The Great War will see more than six million refugees internally displaced in Russia, hundreds of thousands of Serbs uprooted from their land, and millions of Armenians forcibly relocated. Publicly-regulated private charities will try to answer all of these challenges. Britain already hosts more than a quarter million Belgians, while the American-based Committee for the Relief of Belgium has already pulled off a miracle just by preventing famine in the low country this Winter.

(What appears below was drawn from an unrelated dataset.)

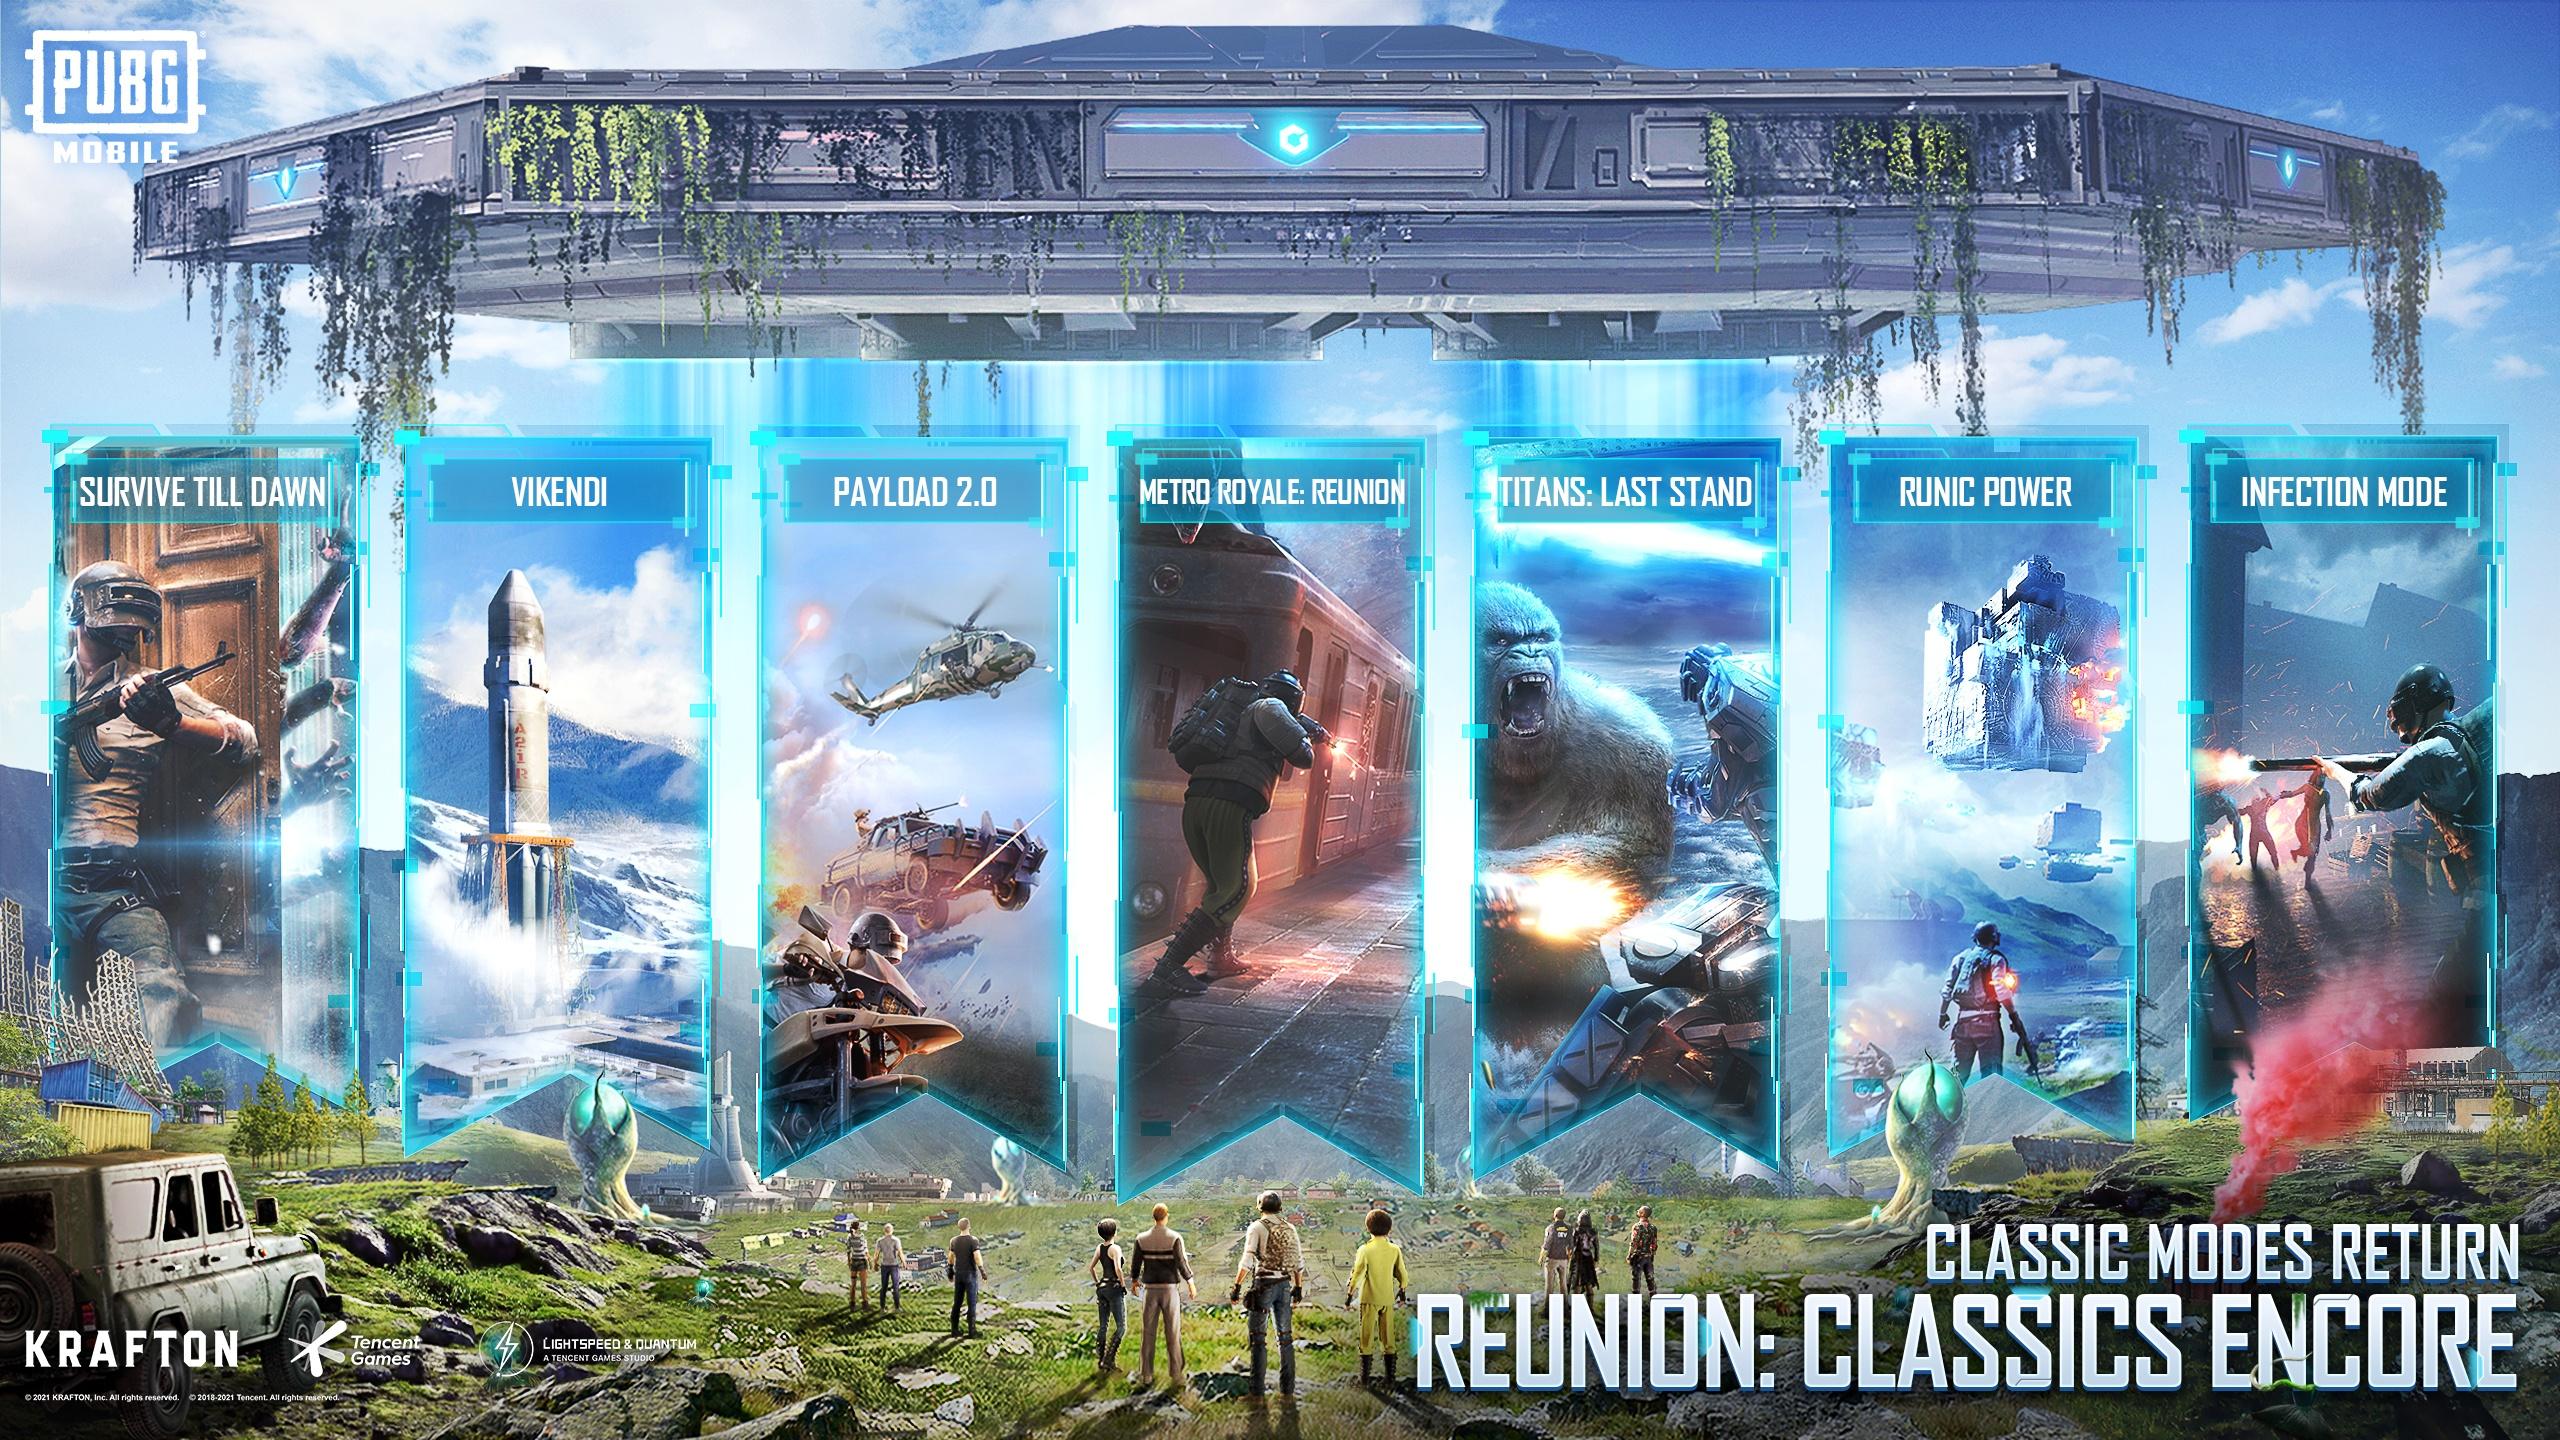 Classic Game Modes Make a Return in PUBG Mobile
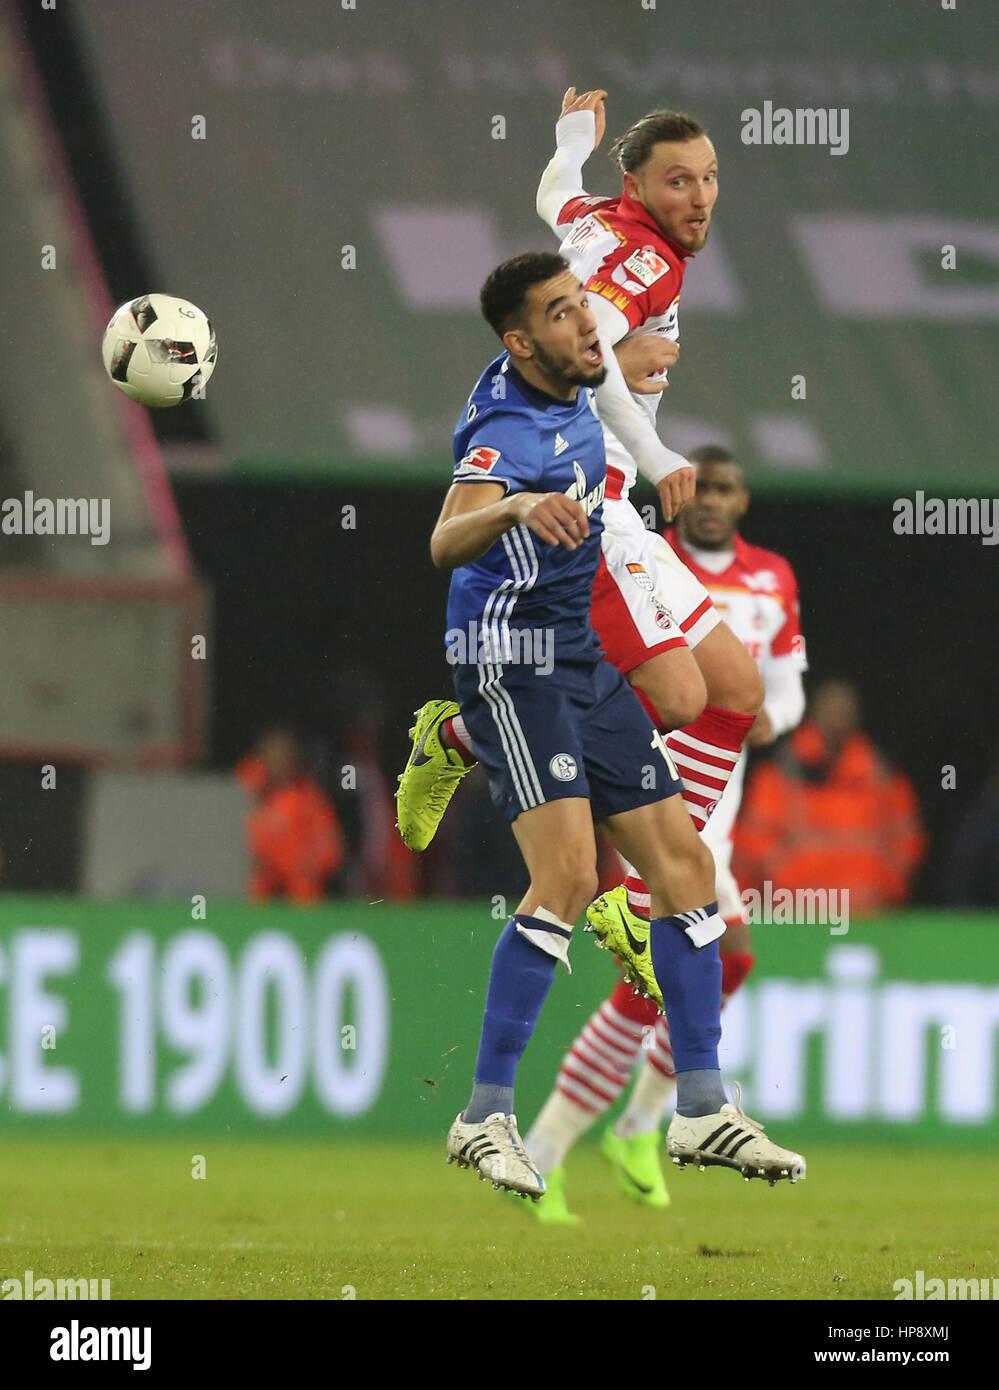 Cologne, Germany, February 19, 2017, Bundesliga matchday 21, 1. FC Koeln - FC Schalke 04:  Tackling Nabil Bentaleb - Stock Image

The social effects of the conflict are already reaching far beyond London to Paris and New York, stirring the nationalism and solidarity of ethnic minorities along with the equality dreams of women. For example, nine days ago the great Jewish civil rights lawyer Louis Marshall gave this passionate quote to the New York Times regarding his community’s response to atrocities on the Eastern Front:

“In the world today there are about 13,000,000 Jews, of whom more than 6,000,000 are in the very heart of the war zone: Jews whose lives are at stake and who today are subjected to every manner of suffering and sorrow, and the great American Jewish community is not doing its duty toward these sufferers. In the United States there are between 2,000,000 and 3,000,000 Jews, nearly all able to do something and yet, after months of work, we have not raised more than $300,000. In New York there are more than 1,000,000 Jews, some of them persons of great affluence, but many of them seem to think if they give a few hundred dollars they have done their duty.

“We hear of the pogroms in Russia, in Poland, in Galicia, and yet we sit indifferent. In Palestine starvation stalks through the land. Shall we selfishly enjoy ourselves and say we would like to, but cannot help because of hard times, and think we are doing our duty? No. The time has come from every man and woman and child to do his duty, and we must fulfill that duty quickly or it may be too late in hundreds of thousands of cases.”

Flag Day, a brand-new tradition, was invented in Scotland last September by Agnes Morrison, who sold out her entire stock of Union Jack flags in an hour. Many British wartime charities still exist to this day, including the British Limbless Ex-Service Men’s Association (BLESMA). But the most visible remaining artifact of this era is the lapel poppy, that ubiquitous symbol of the Great War’s remembrance. First sold on the streets of London by the Royal Legion, no war memorial is possible in England today without them.